De nombreux natifs du Morvan ont appris cette technique dès leur plus jeune âge, à l’image de Michel Lucand, 70 ans : « Mon père était agriculteur, en hiver on l’aidait à tresser les haies. Elles étaient toutes faites comme ça, nous n’avions pas de barbelés ! C’était joli dans le paysage. Beaucoup d’agriculteurs disent maintenant que c’est du folklore mais je ne trouve pas, c’est bien de transmettre ce savoir-faire. »

« Comme du tricot »

Car cette haie tressée est vivante : on la travaille à partir de haies de noisetiers, charmes, aubépines… certains troncs servent de pieux et les plus fins sont incisés (pour que la sève continue de circuler), couchés et entrelacés. « C’est comme du tricot ! » s’amusent les plècheurs. Ces haies vives ont aussi l’avantage de retenir l’eau, la terre, de couper le vent.

« On n’entrelace que du bois vert donc au printemps c’est très joli, précise Philippe Hoeltzel.

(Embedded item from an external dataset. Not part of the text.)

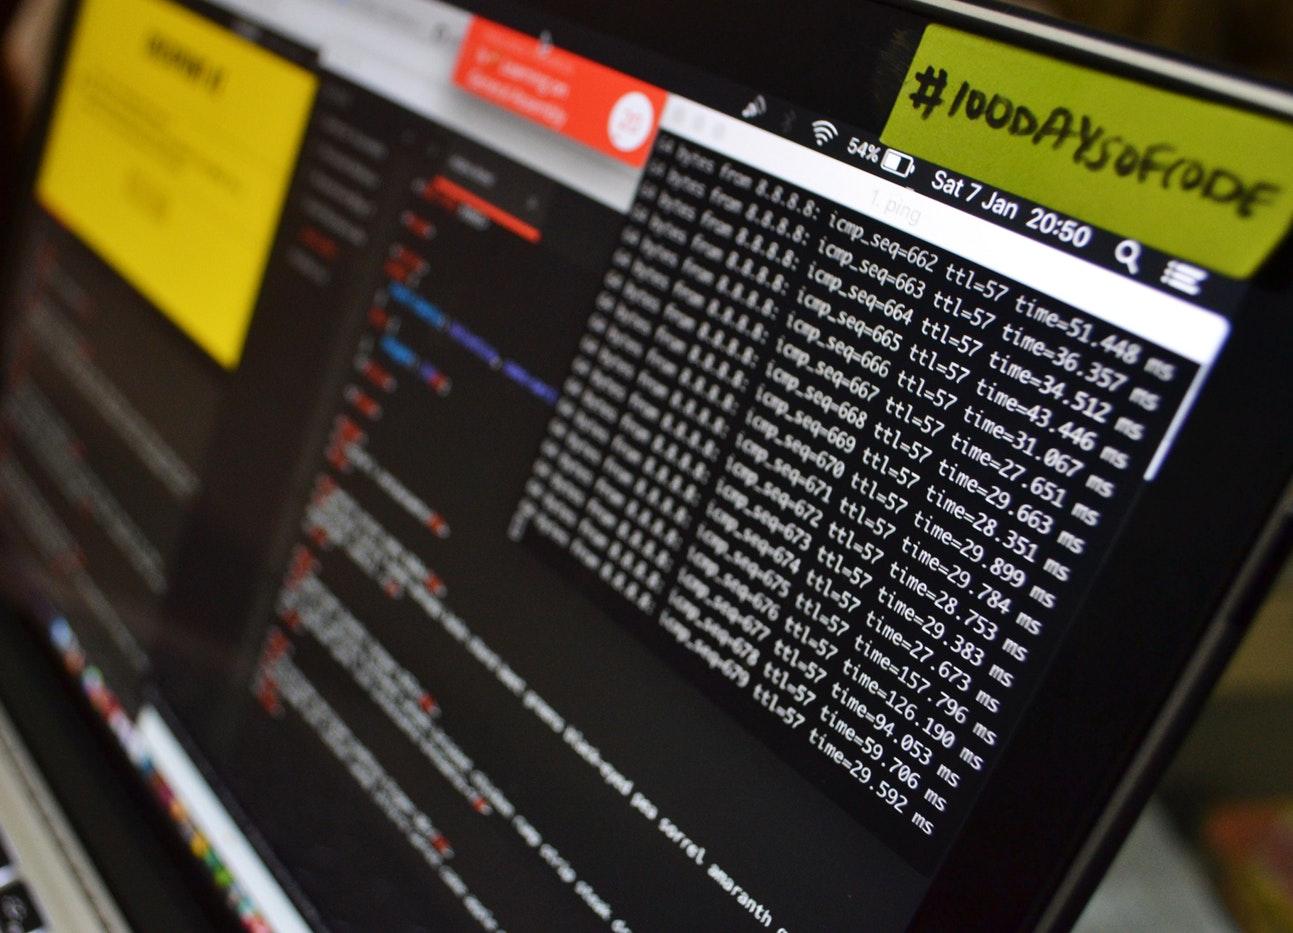 مطلوب  Web Developer and Web Programmer لشركة في اسطنبول
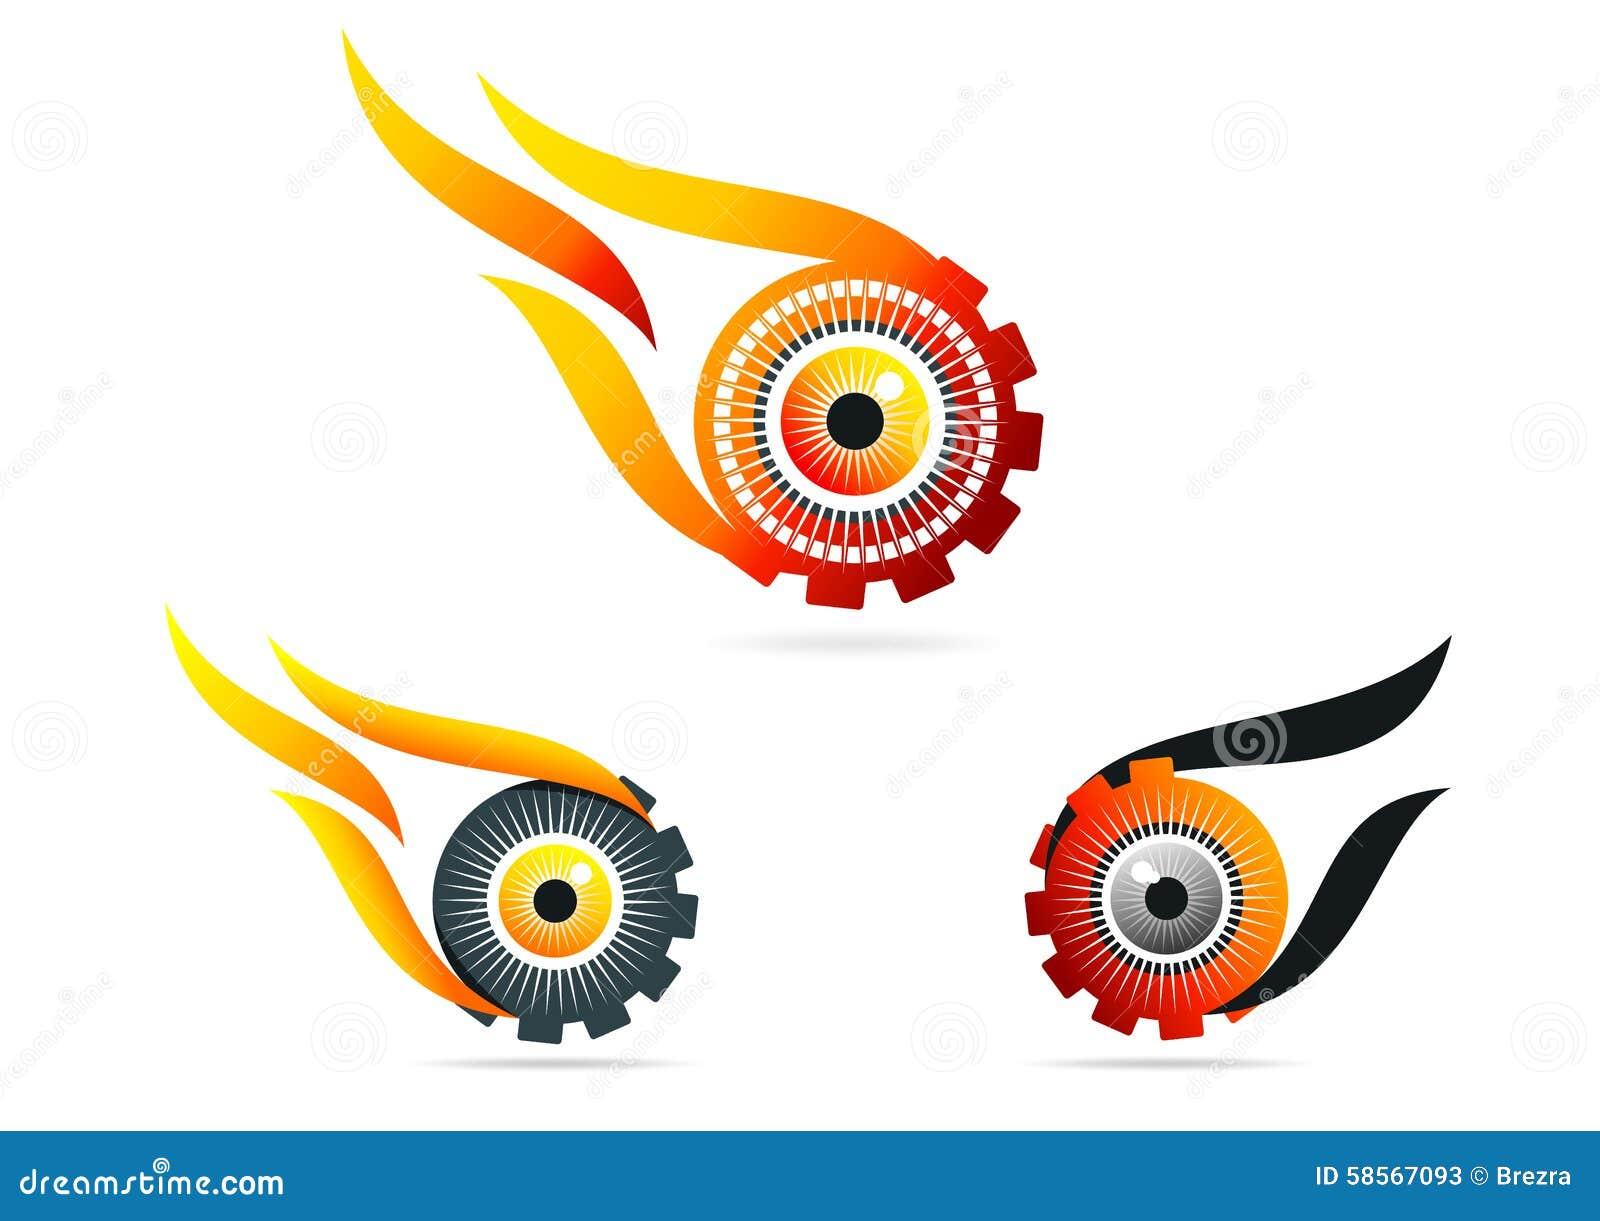 Ojo, llama, engranaje, logotipo, tecnología, visión, rueda, cuidado, símbolo, icono, diseño, sistema

La haie tressée s’entretient sur les côtés mais on peut la laisser pousser en hauteur et on la replèche tous les 10-15 ans ». Depuis 2009, le parc du Morvan et l’association Les plècheux du Morvan ont initié des stages gratuits et ouverts à tous : « L’objectif est d’entretenir et de transmettre ce savoir-faire, précise le chargé de mission. C’est une technique accessible et le résultat est esthétique. Les stagiaires (des particuliers, paysagistes… Ndlr) veulent créer une plèchie chez eux ou ont un intérêt particulier pour la nature. » Maud Marchand complète : « Nous avons beaucoup de nouveaux arrivants dans le Morvan, qui veulent respecter l’environnement et les traditions locales. » De « Semaine de la plèchie », l’événement est devenu « Mois de la plèchie » et a eu lieu cette année dans 33 communes du Morvan. 80 à 180 personnes se forment à ce savoir-faire typique à chaque édition. Les « anciens » plècheurs, eux, s’enthousiasment de transmettre cette technique traditionnelle et espèrent que ces haies vives redessineront les paysages morvandiaux dans les années à venir.